Another classic G. George Ostrom column...
Very few teachers in grade, high, or colleges save their student’s class reports but Richard Lederer began doing that many years ago and maybe he has earned more money from his columns and books than from teaching school. Two books are called “Anguished English.” Several years ago before Lederer got famous, a friend mailed a sample of his stuff. Enjoyed it immensely so when I found some in files this week, decided to share.
This piece is called, “The World According to Student Bloopers” compiled by Lederer while teaching at St Paul’s School.
One of the fringe benefits of being an English or history teacher is receiving the occasional jewel of a student blooper in an essay. I have pasted together the following “history” of the world from certifiably genuine student bloopers collected by teachers throughout the United States, from eighth grade through college level. Read carefully, and you will learn a lot.
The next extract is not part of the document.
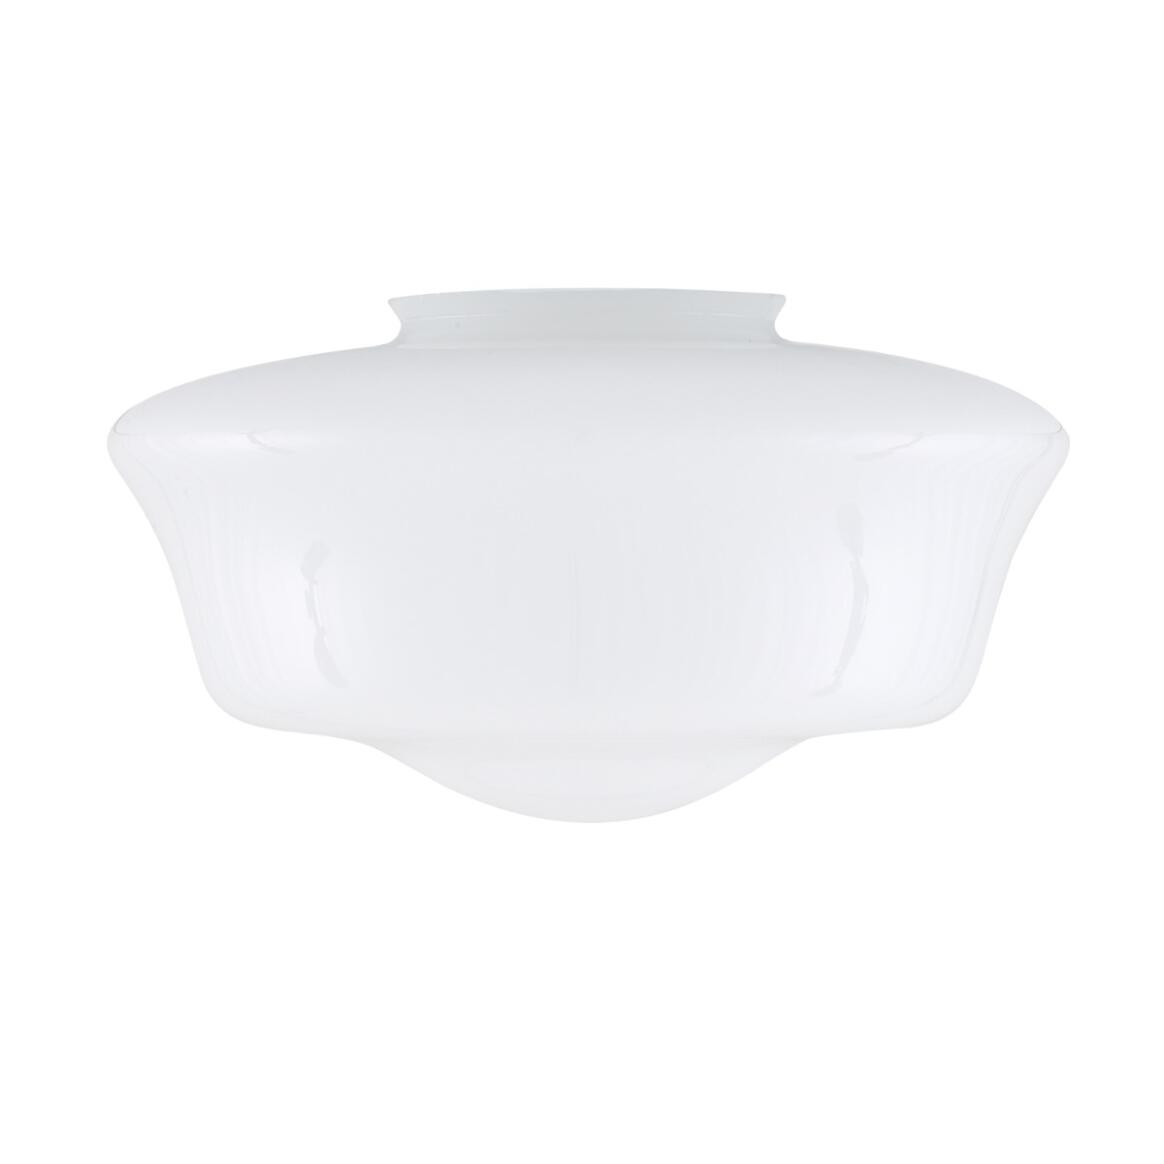 13.8" schoolhouse glass lamp shade main product image

The inhabitants of Egypt were called mummies. The lived in the Sarah Dessert and traveled by Camelot.
The Bible is full of interesting caricatures. In the first book of the Bible, Guinesses, Adam and Eve were created from an apple tree. One of their children, Cain, once asked, “Am I my brother’s son?” God asked Abraham to sacrifice Isaac on Mount Montezuma. Jacob was a patriarch who brought up his twelve sons to be patriarchs, but they did not take to it. One of Jacob’s sons, Joseph, gave refuse to the Israelites.
Pharaoh forced the Hebrew slaves to make bread without straw. Moses led them to the Red Sea, where they made unleavened bread, which is bread made without any ingredients. Afterwards, Moses went up on Mount Cyanide to get the ten commandments. David was a Hebrew king skilled at playing the liar. He fought with the Philatelists, a race of people who lived in Biblical times. Solomon, one of David’s sons had 500 wives and 500 porcupines.
Without the Greeks we wouldn’t have history. The Greeks invented three kinds of columns- Corinthian, Doric and Ironic. They also had myths. A myth is a female moth. One myth says that the mother of Achilles dipped him in the River Stynx until he became intolerable. Achilles appears in the Illiad, by Homer. Homer also wrote the Oddity, in which Penelope was the last hardship that Ulysesses endured on his journey. Actually, Homer was not written by Homer but by another man of that name.
Socrates was a famous Greek teacher who went around giving people advice. They killed him. Socrates died from an overdose of wedlock. The government of Athens was democratic because people took the law into their own hands. When the Greeks fought with the Persians, the Greeks were outnumbered because the Persians had more men.
Julius Caesar extinguished himself on the battlefields of Gaul. The Ides of March murdered him because they thought he was going to be made king. Nero was a cruel tyranny who would torture his poor subjects by playing the fiddle to them.
Then came the Middle Ages. King Alfred conquered the Dames. King Arthur lived in the Age of Shivery. King Harold mustarded his troops before the Battle of Hastings, Joan of Arc was canonized by Bernard Shaw, and victims of the Black Death grew boobs on their necks.
Finally, Magna Carta provided that no free man should be hanged twice for the same offense.
The Renaissance was an age in which more individuals felt the value of their human being. Martin Luther was nailed to the church door at Wittenberg for selling papal indulgences.
He died a horrible death, being excommunicated by a bull. It was Donatello’s interest in the female nude that made him the father of the Renaissance.
It was an age of great inventions and discoveries. Gutenberg invented the Bible. Sir Walter Raleigh is a historical figure because he invented cigarettes. Another invention was the circulation of blood. Sir Francis Drake circumcised the world with a 100-foot clipper.